Start of Block
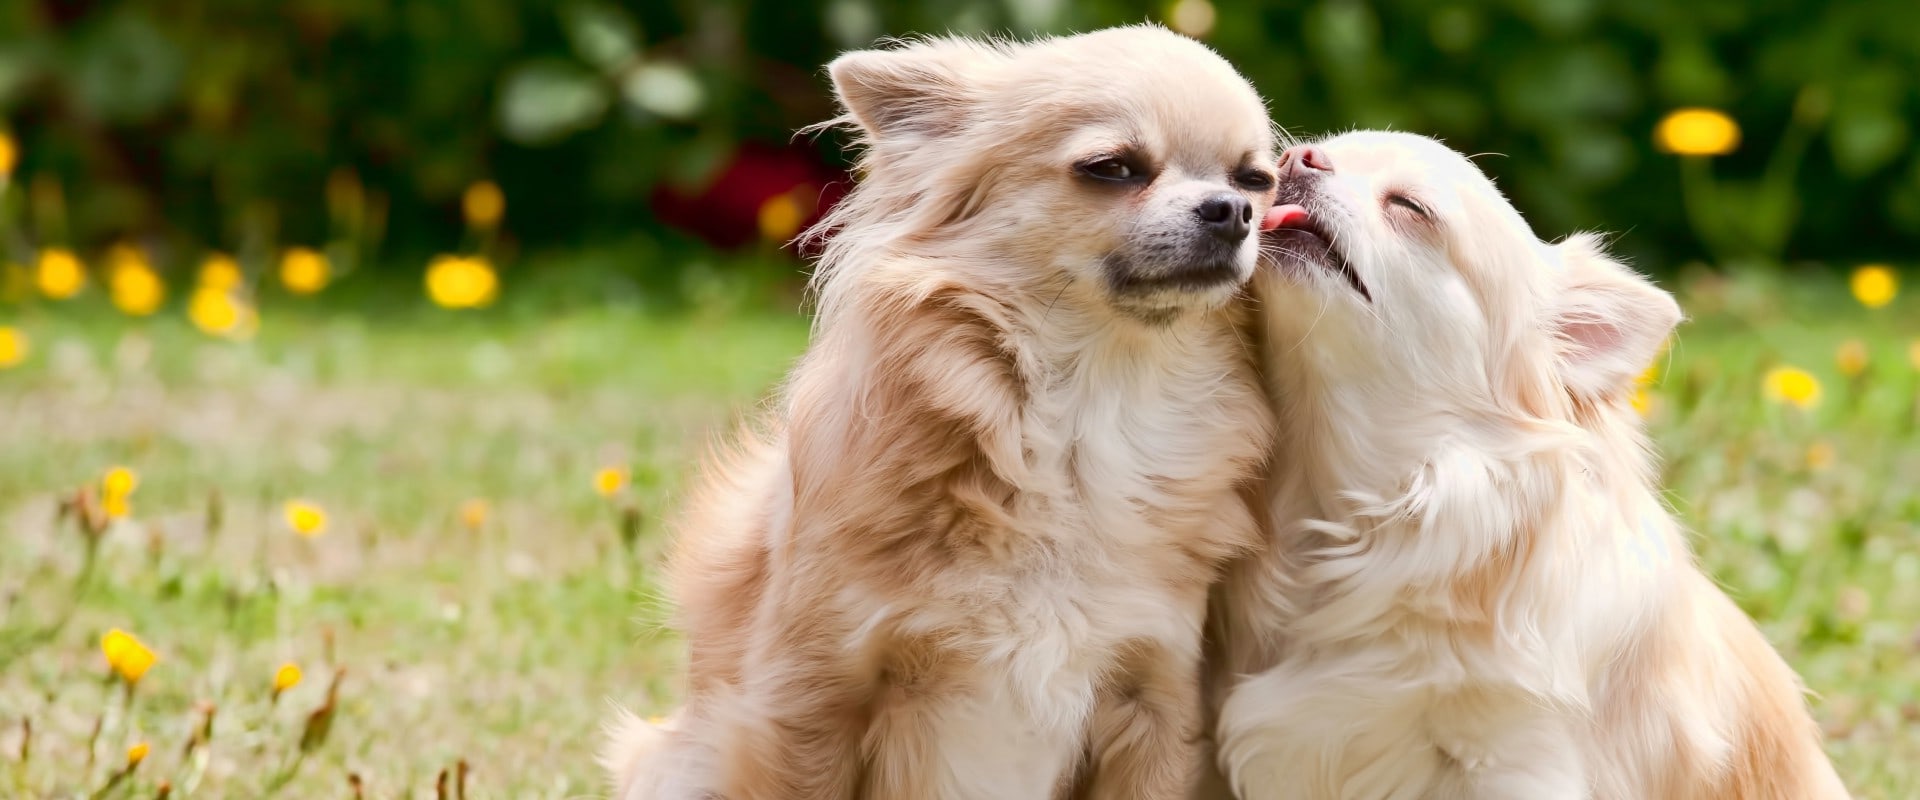 The Top Low-Maintenance Dog Breeds for Busy Owners
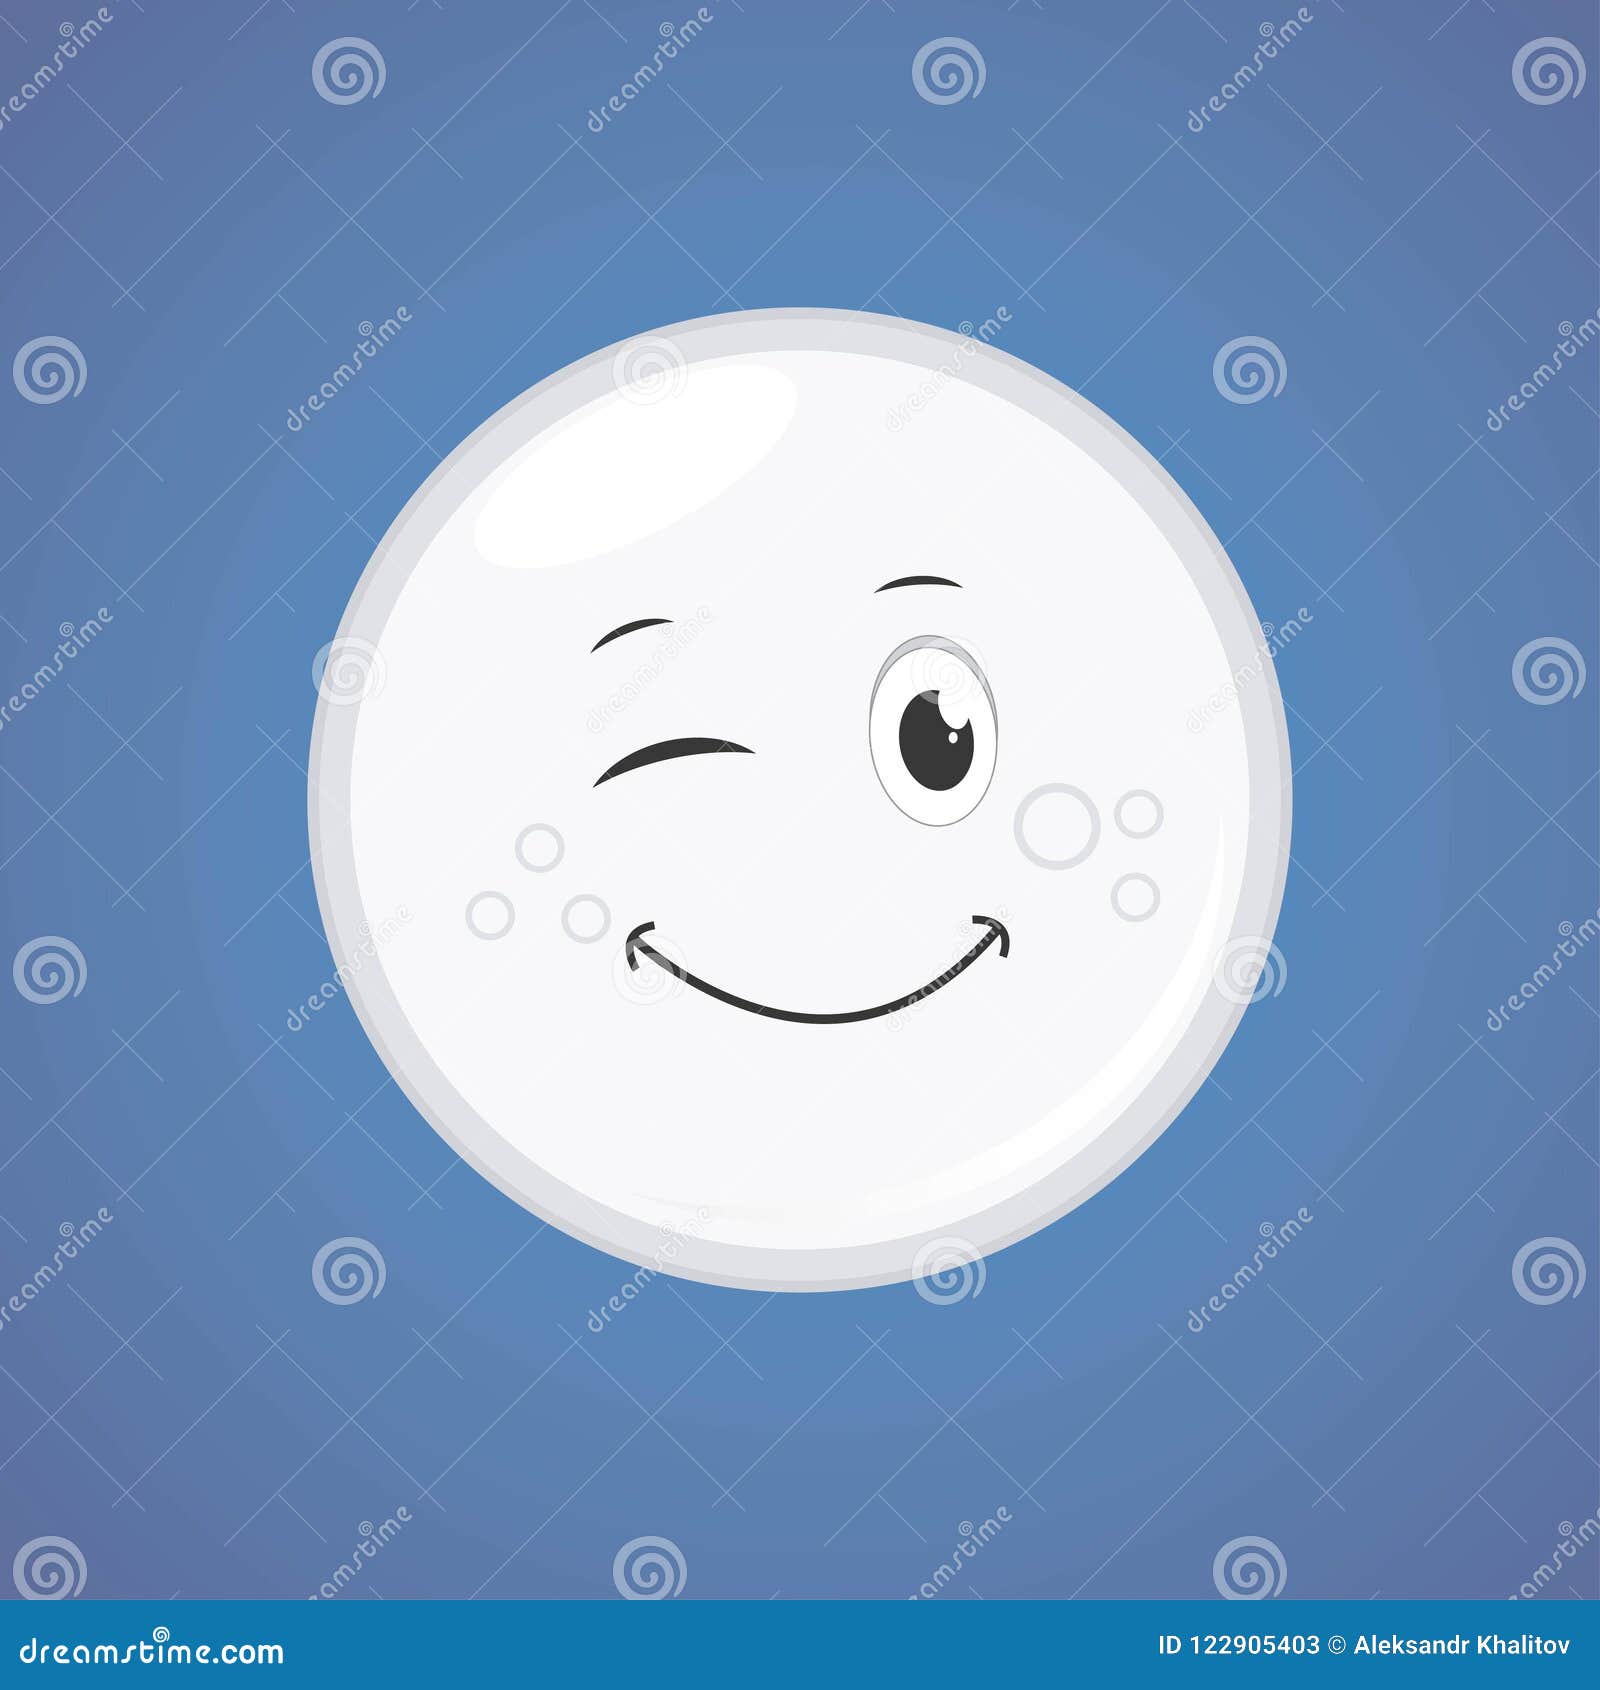 White Simple Winking Character Cartoon Moon Stock Vector - Illustration of  emotion, icon: 122905403
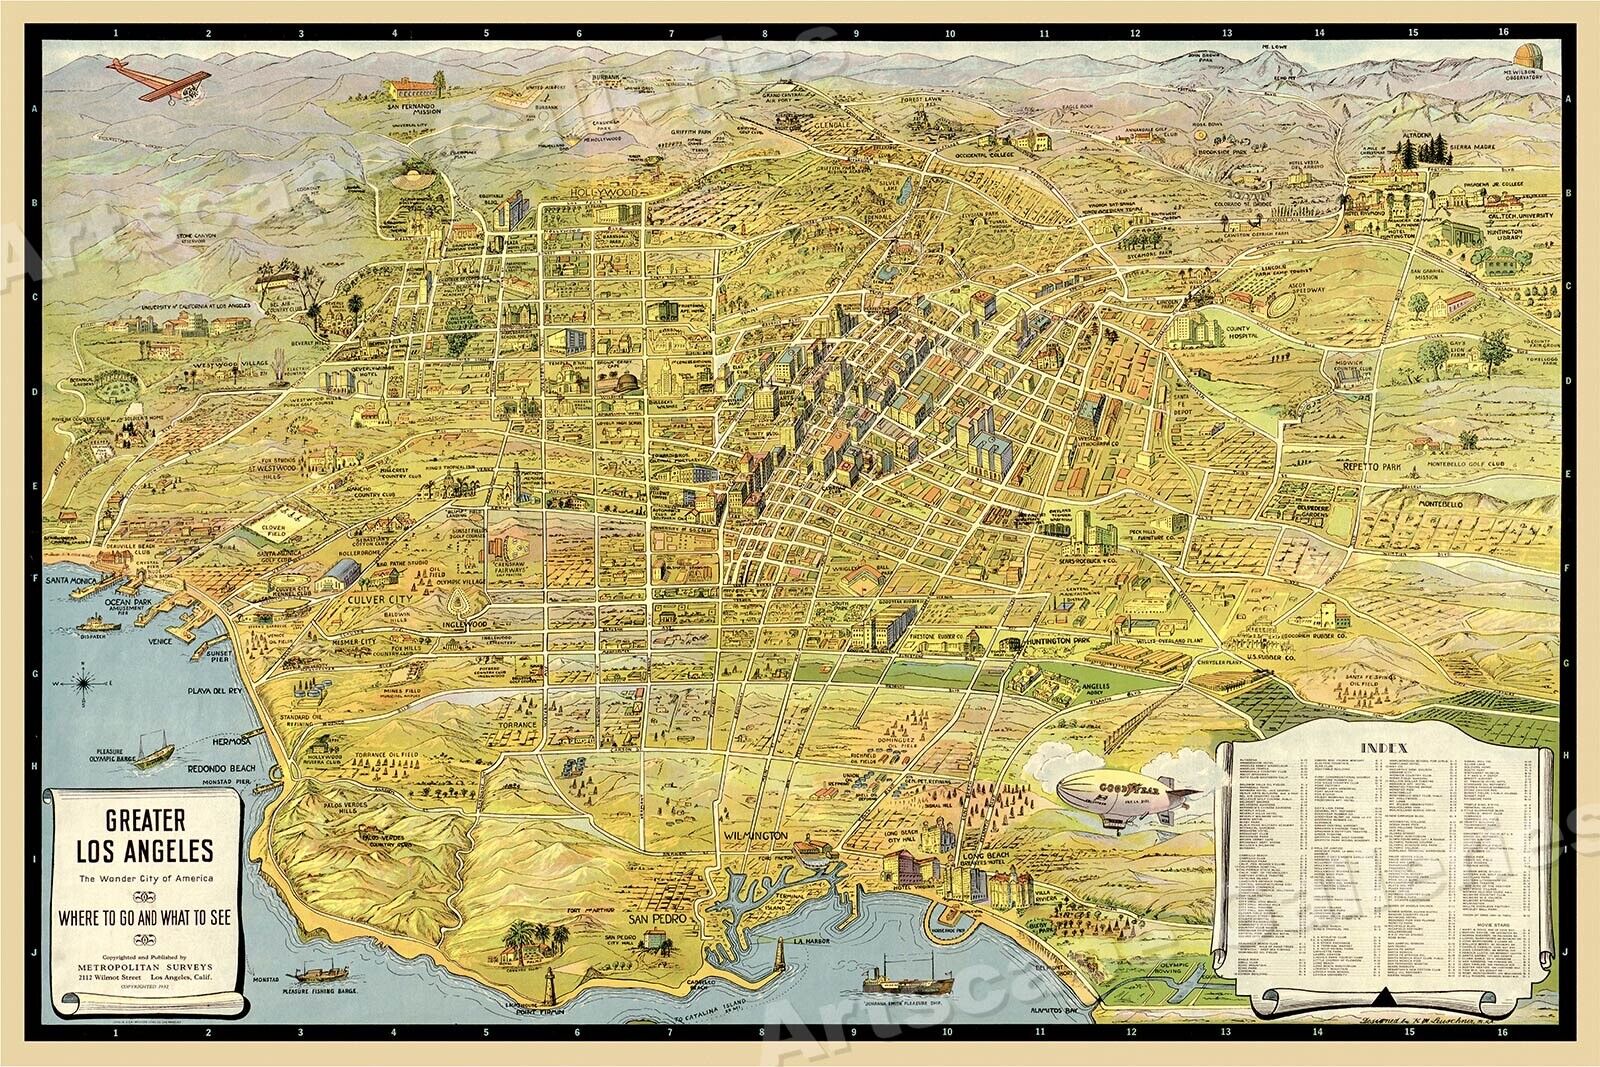 1932 Los Angeles Southern California Panoramic Sightseeing Map - 16x24
End of Block
▸ **Exercise description**: Your reply should consist solely of the lines from the line containing "White Simple Winking" through the last line of the listing, unchanged and free of pictures.

▸ **Expected answer**:
 White Simple Winking Character Cartoon Moon Stock Vector - Illustration of  emotion, icon: 122905403
 1932 Los Angeles Southern California Panoramic Sightseeing Map - 16x24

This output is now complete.